Ohio Gov. Kasich talks East Cleveland killings, fight against poverty to prevent future tragedies
John Kosich, newsnet5.com
7:24 PM, Jul 22, 2013
9:35 PM, Jul 22, 2013
CLEVELAND - Ohio Gov. John Kasich may have come to Cleveland on Monday to announce the city's Opportunity Corridor transportation project is moving forward, but it wasn't all that was on his mind.
"This is not just about Opportunity Corridor," said Kasich. "It's about opportunity, period."
From the podium, Kasich talked about poverty.
"We are seeing some of the heartbreaking results of poverty in our community today," Kasich said referring to what was playing out six miles away in East Cleveland where three women were found dead over the weekend.
Asked about the situation the governor said "it's heartbreaking. It was heartbreaking when we had the last announcement," he said about Amanda Berry, Gina DeJesus and Michelle Knight found alive after 10 years in captivity.
"Fortunately, somehow through the grace of God, those women appear to be pulling through."
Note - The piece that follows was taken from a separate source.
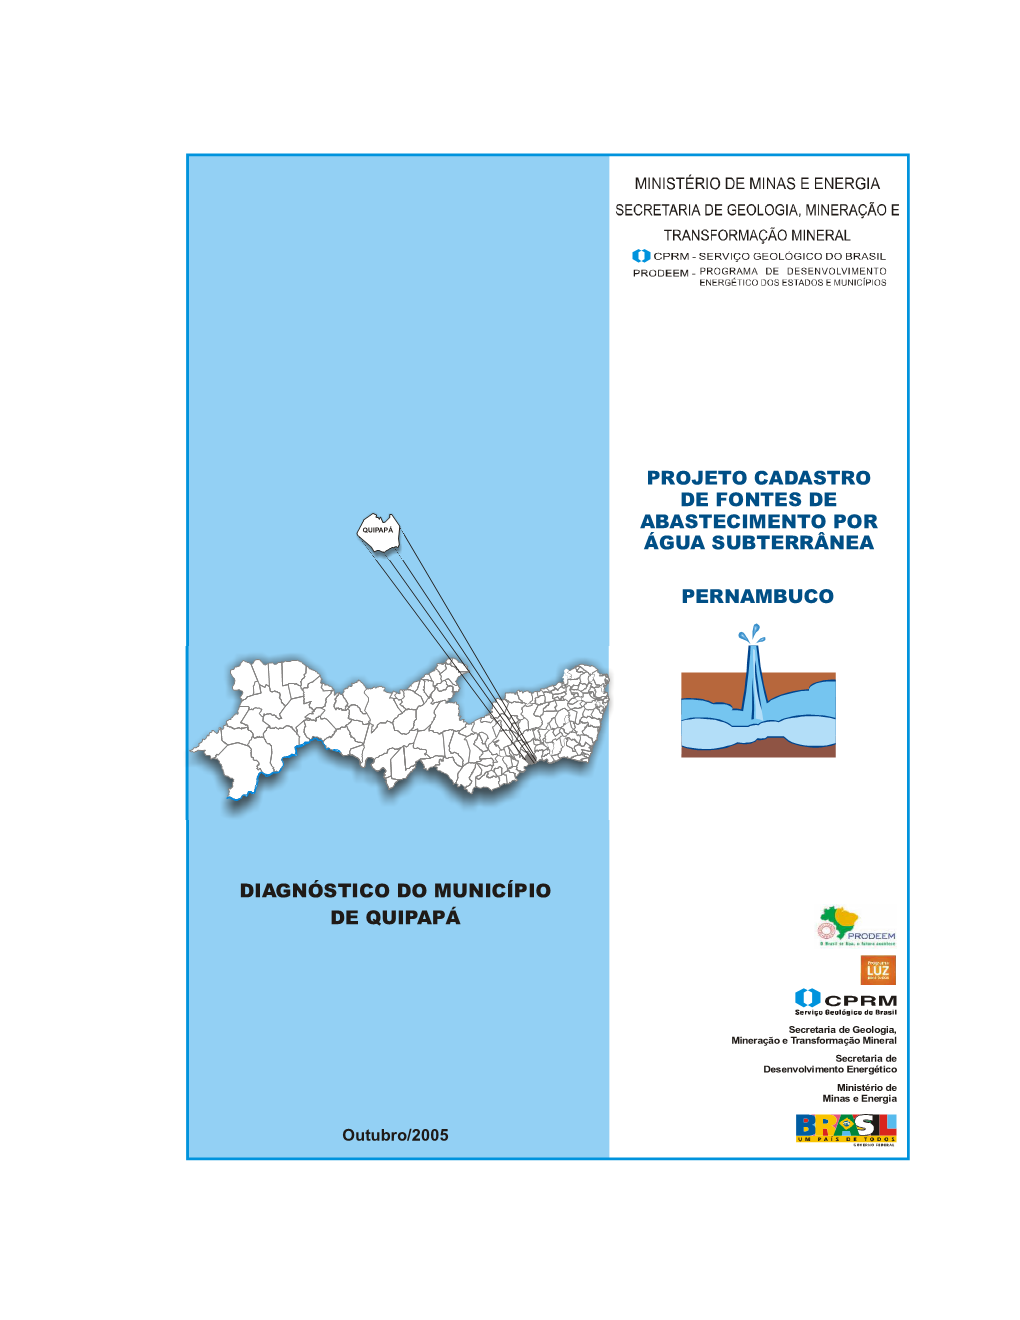 Diagnóstico Do Município De Quipapá Pernambuco Projeto Cadastro De Fontes De Abastecimento Por Água Subterrânea

Kasich said it's what can happen in neighborhoods hard hit by poverty. "It's what happens when you have individuals who are very dangerous inside of a community and somehow we lose track of them," he said.
"It's about breakdown of neighborhoods, sometimes where we don't always know our neighbors. There's so much to it but poverty to me is kind of at the core of it.
"That's why I feel so strongly that no neighborhood can be left behind and why I feel so strongly about the fact that when you start doing better everyone has to share in the growth," he said.
During the announcement for the project to link Interstate 490 and University Circle, Kasich said the best way to deal with poverty is to "give people hope by giving them a sense that they can get work."
"That's why I always say that jobs are the greatest moral imperative because when mom and dad are working, the family's stronger, the marriage is better and the kids are better off," he said.
When asked about the ongoing debate over how best to use federal Hardest Hit funds to tear down or to fix up abandoned homes to help some of these neighborhoods Kasich said there's no set answer.
"I talked to the mayor (Frank Jackson) about it even this morning," Kasich said.
"You've got to figure out from the people who are right there in the neighborhoods and on the ground what is the best thing to do in terms of rehab vs. tear down," he said. "We've already started a few discussions on it but we're going to need to accelerate them."